Banko and Etzioni ACL 2008

From Cohen Courses
Jump to navigationJump to search

Citation

M. Banko and O. Etzioni. 2008. The Tradeoffs Between Open and Traditional Relation Extraction. In Proceedings of the 46th Annual Meeting of the Association For Computational Linguistics (Columbus, Ohio, June 15 - 20, 2008). ACL Workshops. Association for Computational Linguistics, 28--36.

Online version

ACL Anthology

Summary

This paper discusses the trade off of traditional IE and open IE using the TextRunner system. The authors claimed that the relationship between standard IE systems and the new Open IE paradigm is analogous to the relationship between lexicalized and unlexicalized parsers. Also, this paper proposed to replace the Naive Bayes classifier in the original TextRunner system with the CRF model.

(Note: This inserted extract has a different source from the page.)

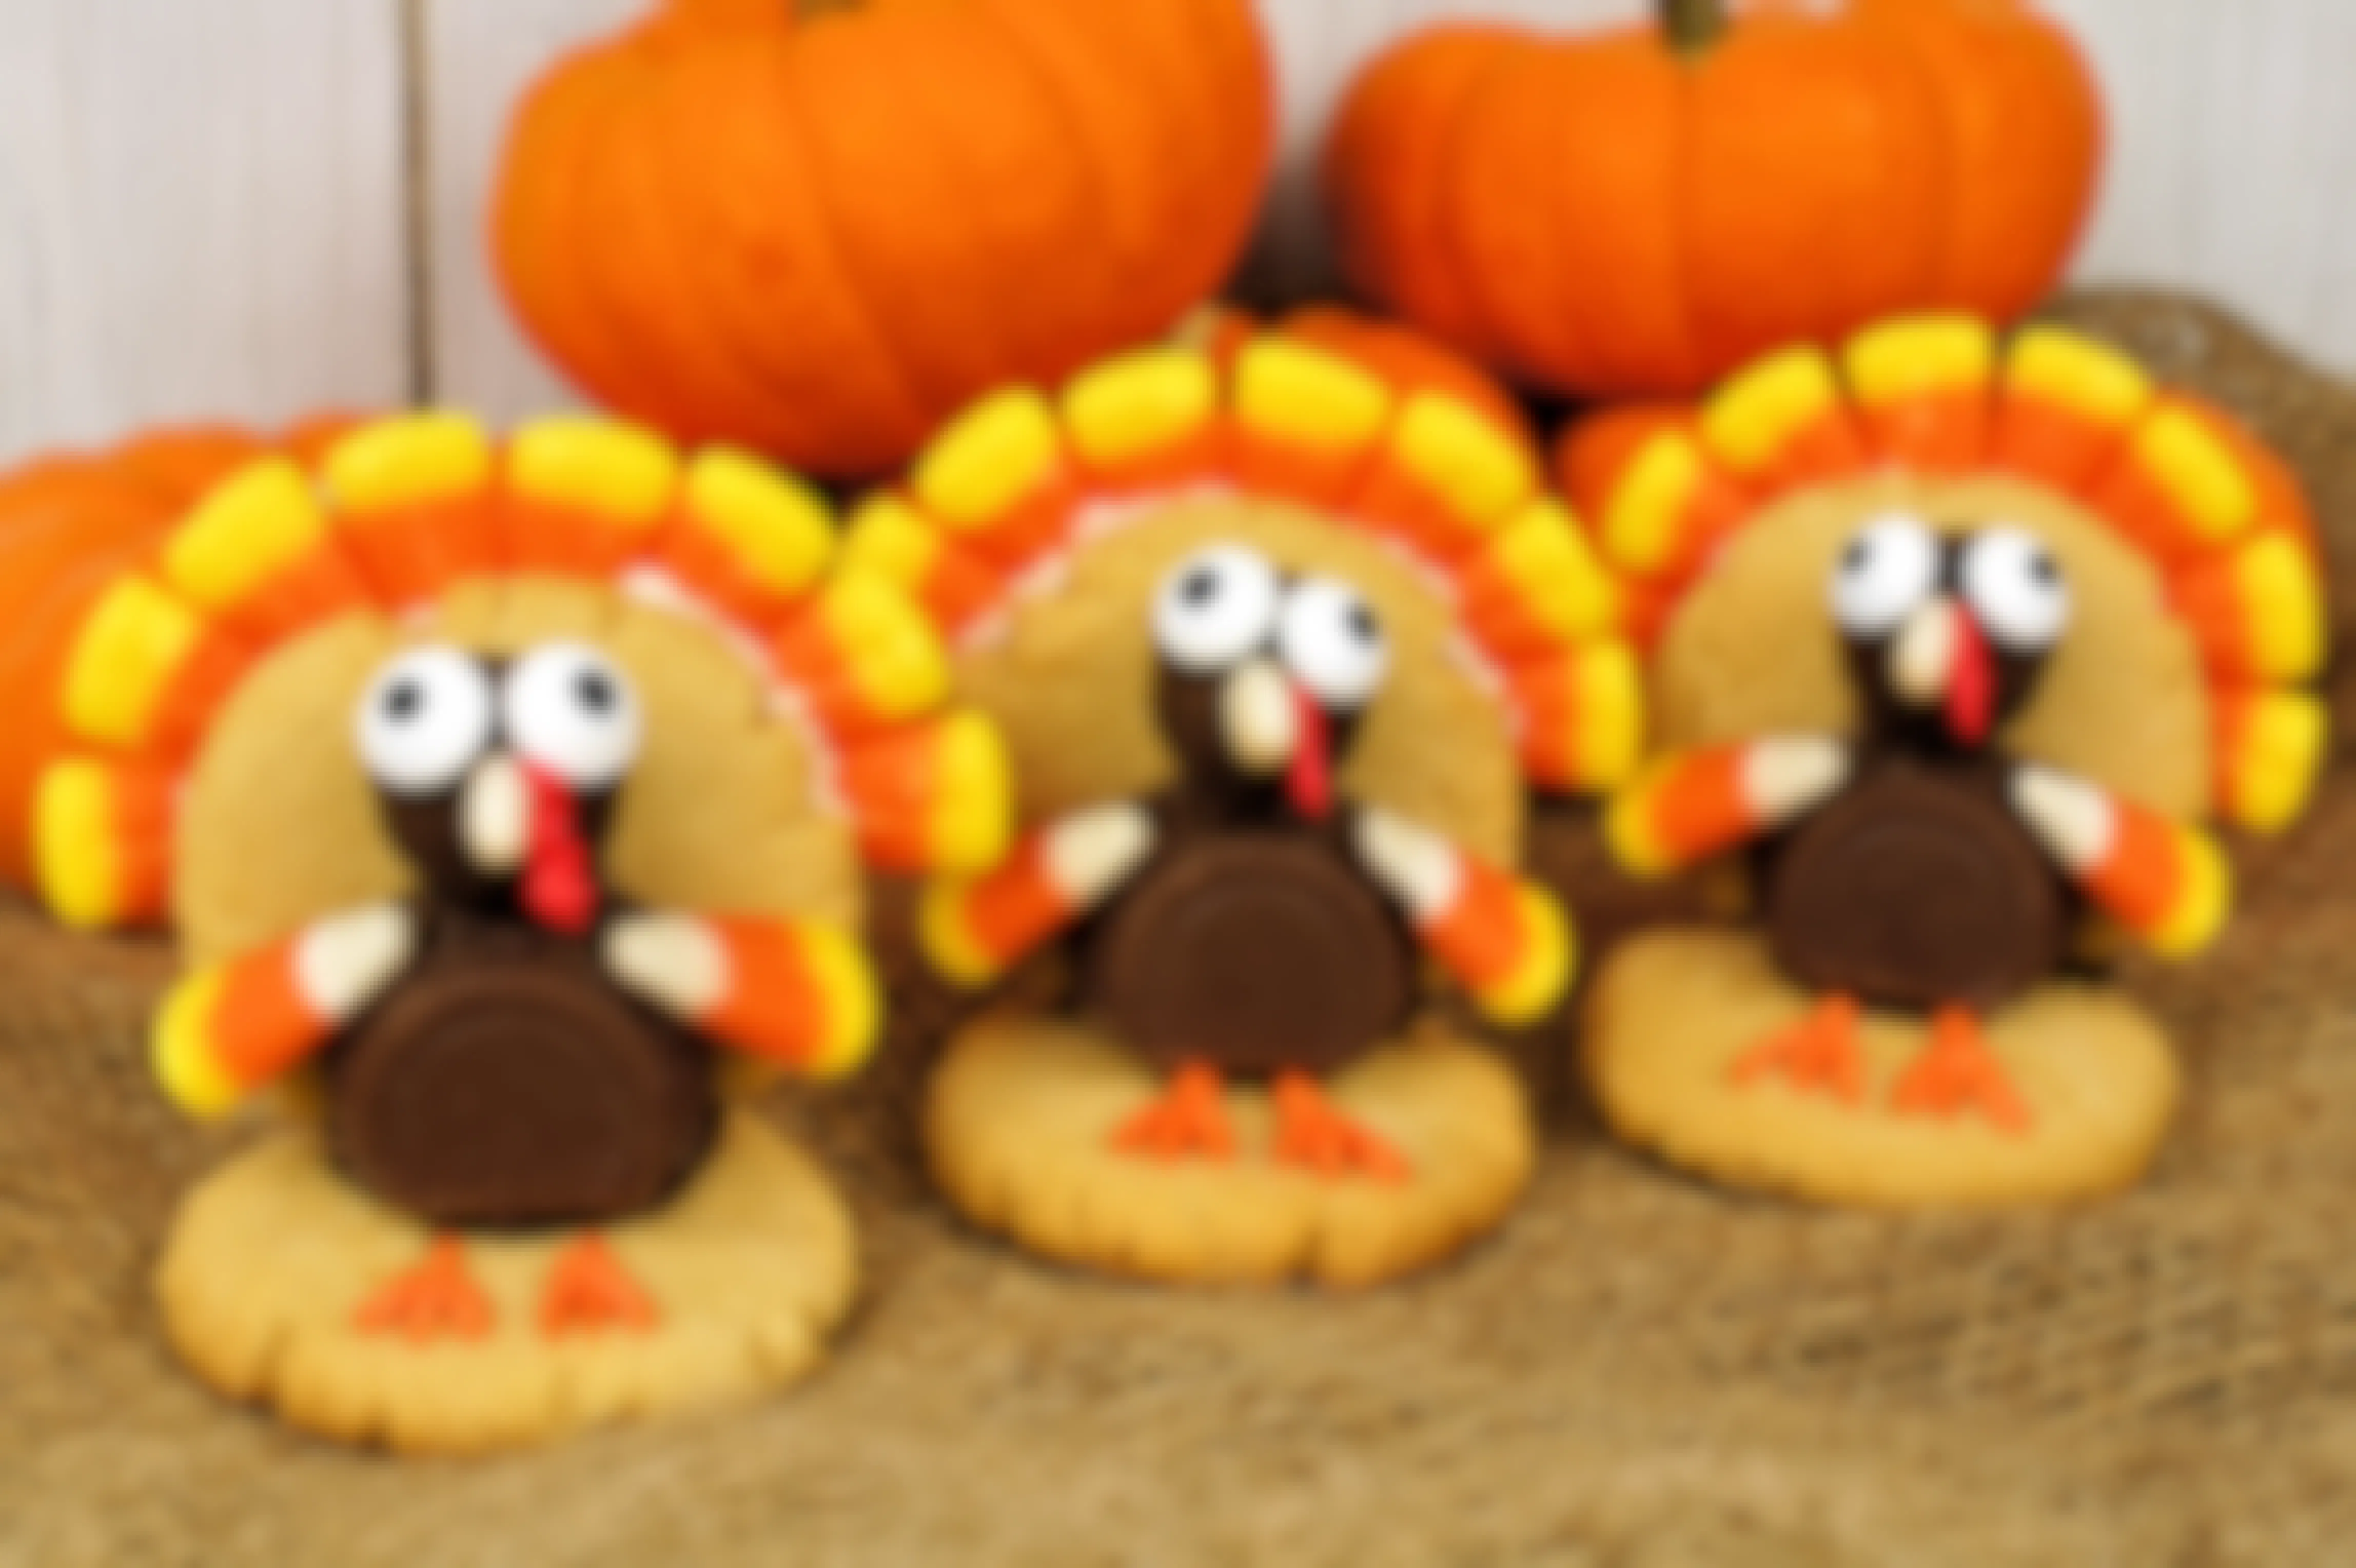 Three turkey-shaped cookies made with leftover Halloween candy on a table with some pumpkins.

The improved TextRunner system achieved similar precision as standard IE systems but with low recall in the evaluation. Thus authors proposed to combine the results from standard IE and open IE systems to improve the recall.

The features used to train the CRF is the same as the original TextRunner. The CRF implementation is from Mallet and they use OpenNLP to get POS and chunking information from the sentences.

To combine the results from the standard IE and open IE systems, the authors used stacking technique.

The evaluation data was from a previous paper (Bunescu and Mooney. ACL 2007).

Related papers

This paper was based on the original TEXTRUNNER that was described in Banko_et_al_IJCAI_2007. This work was compared with another open IE system, WOE, later in Wu_and_Weld_ACL_2010.